The Four Prerequisites to Full Democracy And A Reason Why Stalinism Failed

There are, in my view, four prerequisites to democracy that unfold historically with the progression of human social development, each progression allowing for a fuller democracy. Mankind has found democracy to be the most ideal system, the system that best represents the will of the majority of the population. But democracy under capitalism is limited, is a democracy that de facto serves only the capitalist class. Let us look at what these prerequisites are, and how each stage represents an ever increasing democratic progression, from feudalism to capitalism to socialism and finally, to stateless communism. In this, I also will attempt to explain the inherent lack of liberty and genuine democracy in the 20th century Marxist-Leninist states. This is a new theory.

1: Industrial Development And The Social Development That Accompanies It (Feudalism to Capitalism) As The First Prerequisite To Democracy

The industrial revolution, and the decline of feudalism, brought forth the initial prerequisites of bourgeois democracy on a massive scale.
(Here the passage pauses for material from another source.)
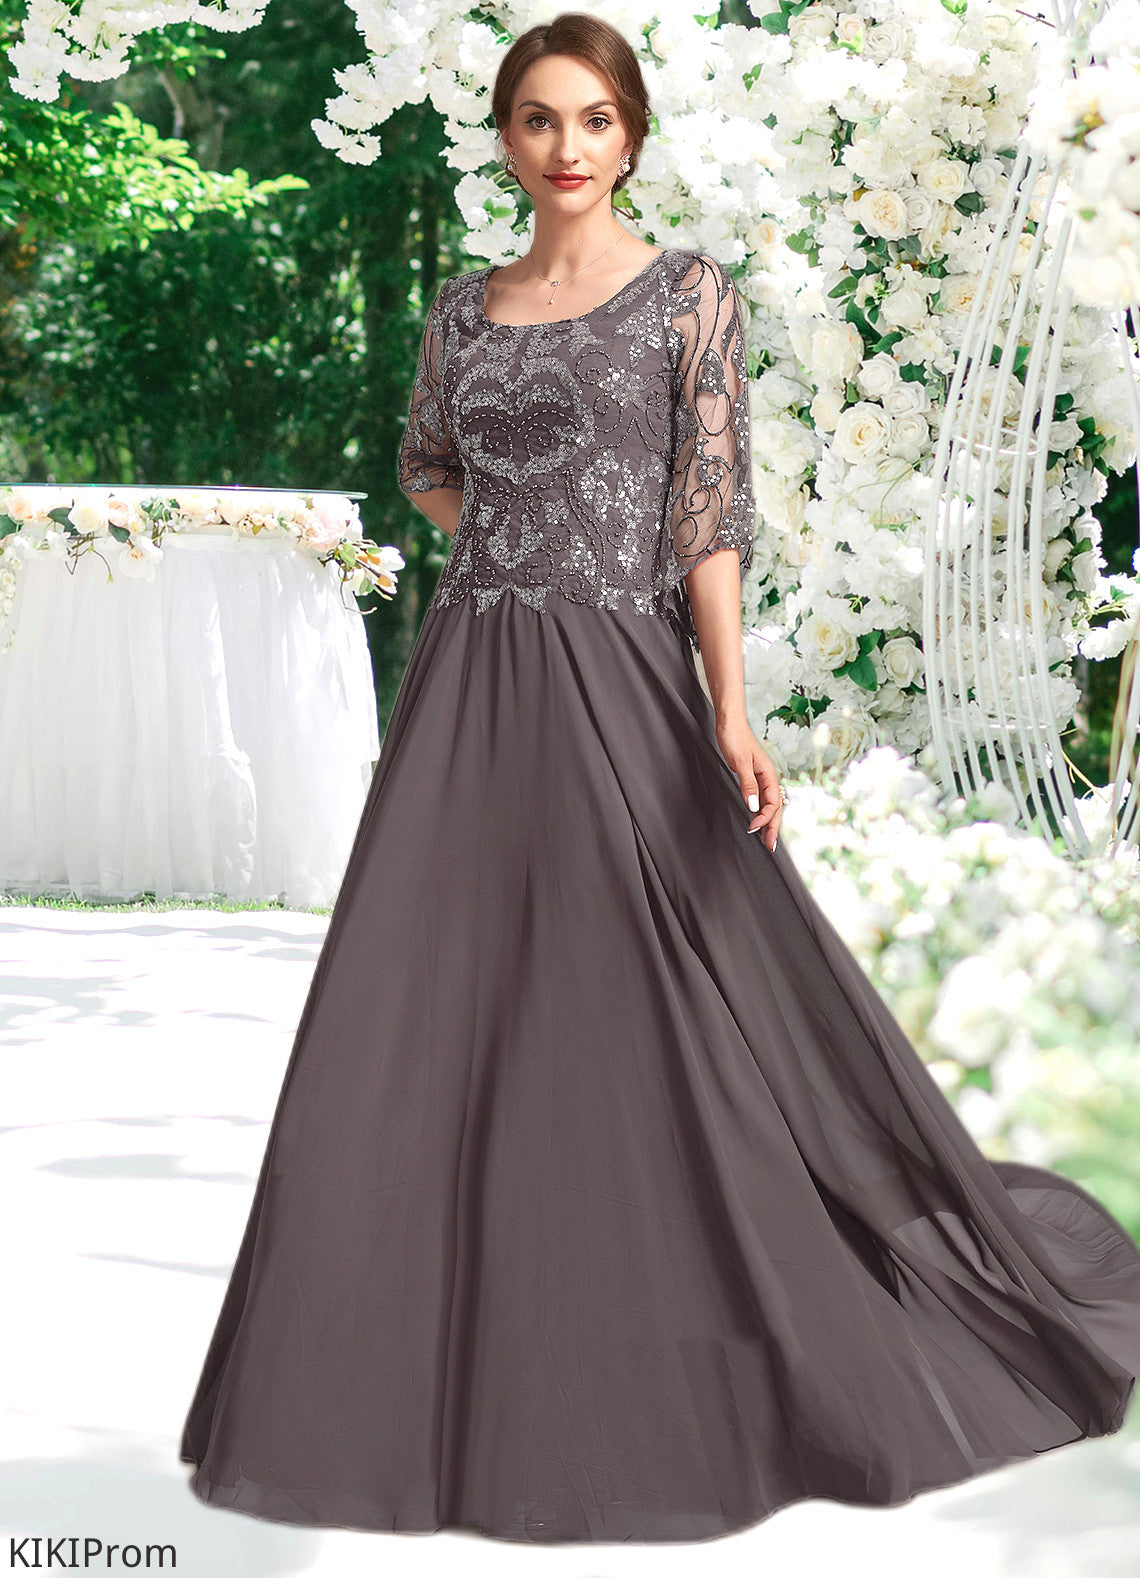 Shyla A-Line Scoop Neck Floor-Length Chiffon Lace Mother of the Bride Dress With Beading Sequins DZ126P0015036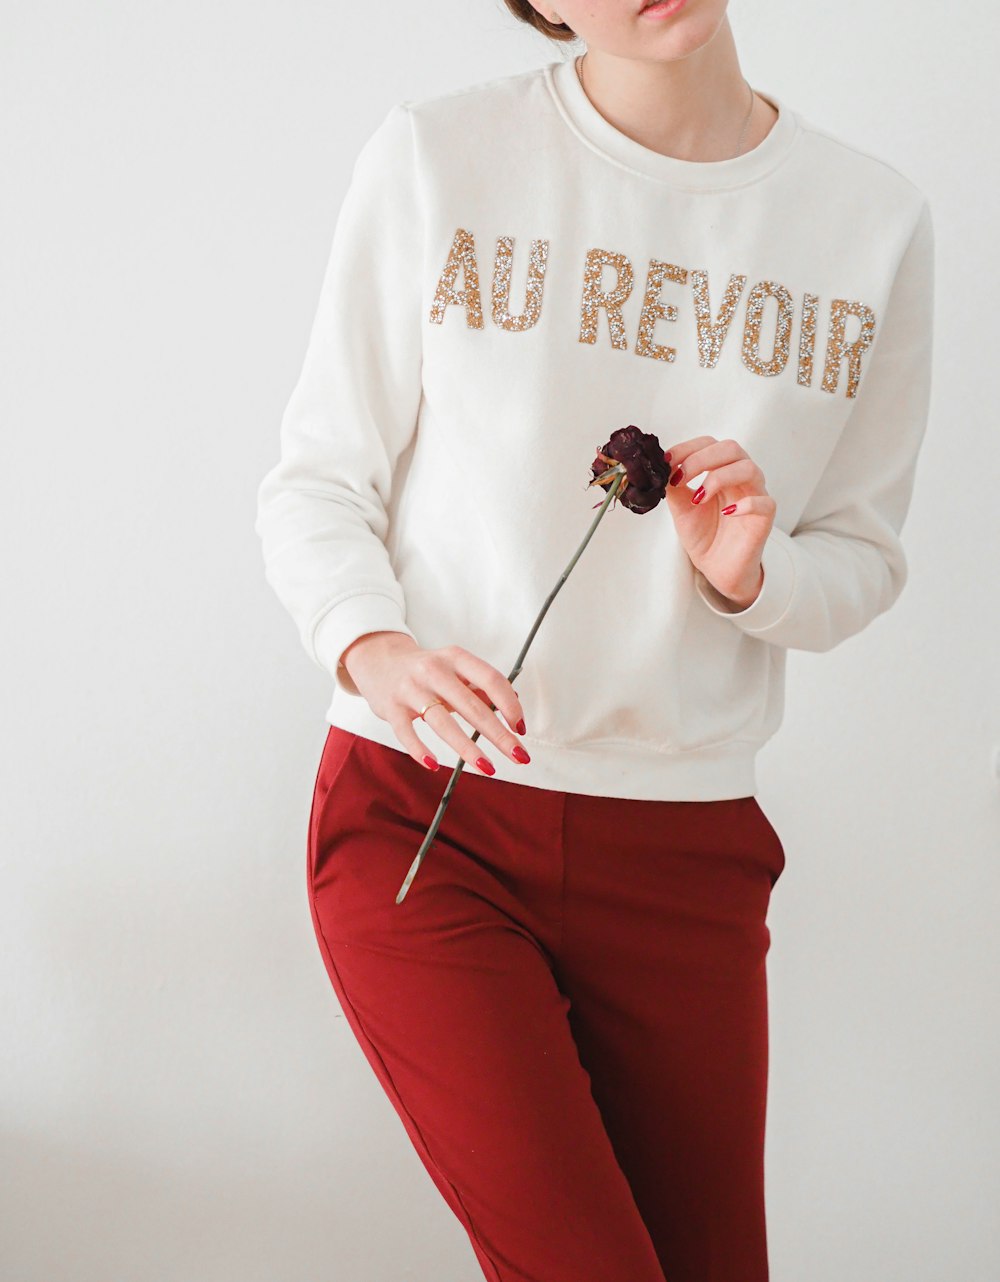 woman in white long sleeve shirt and red pants holding silver spoon

Industrialization, and the social consequences that come with it (literacy, increases in the average knowledge of each individual, education, etc.) provided a solid foundation for the emerging dominance of the capitalist mode of production. But this alone was merely the necessary prerequisite for bourgeois democracy. Democracy did not come about merely from this new emergence in human society. It is also worth noting, that the lack of these characteristics largely explains the failures of U.S. imperialism’s attempt at grafting liberal democracy onto backward nations such as Iraq, and why dictatorship is sometimes necessary before liberal democracy can come about (see South Korea)

2: Declaration Of The Rights Of Humanity (Negative Liberty, Human Rights) As The Second Prerequisite To Democracy (Capitalism)

The great bourgeois revolutions of the late 18th century introduced the idea of negative liberty into human society. With these social explosions, notions of what we would call human rights came about. Individuals were granted the freedom of speech, protest, press, religion, etc. Of course, these freedoms remained mainly bourgeois in character, because they were only in actuality, privileges mainly of the bourgeois class. Built into the doctrine of these great social advances, is the right, or more accurately put, the privilege, of the ruling class to own private property. In a word, the entitlement to all a worker produces solely by owning the means of production is written into the bill of rights itself. Private property rights are negated with the transcendence of this stage, into a more democratic society.

These two developments form the necessary prerequisites not only for bourgeois democracy, but for democracy in general, excluding as aforesaid, private property “rights”. No form of democracy, neither bourgeois or proletarian, can exist without sufficient industrial development and the social development that comes with it, as well as the negative liberty that bourgeois revolutions establish (excluding private property).

I hope the reader will forgive me for using this quote again by Rosa Luxemburg,

“Freedom only for the supporters of the government, only for the members of one party – however numerous they may be – is no freedom at all. Freedom is always and exclusively freedom for the one who thinks differently. Not because of any fanatical concept of “justice” but because all that is instructive, wholesome and purifying in political freedom depends on this essential characteristic, and its effectiveness vanishes when “freedom” becomes a special privilege…

Without general elections, without unrestricted freedom of press and assembly, without a free struggle of opinion, life dies out in every public institution, becomes a mere semblance of life, in which only the bureaucracy remains as the active element.”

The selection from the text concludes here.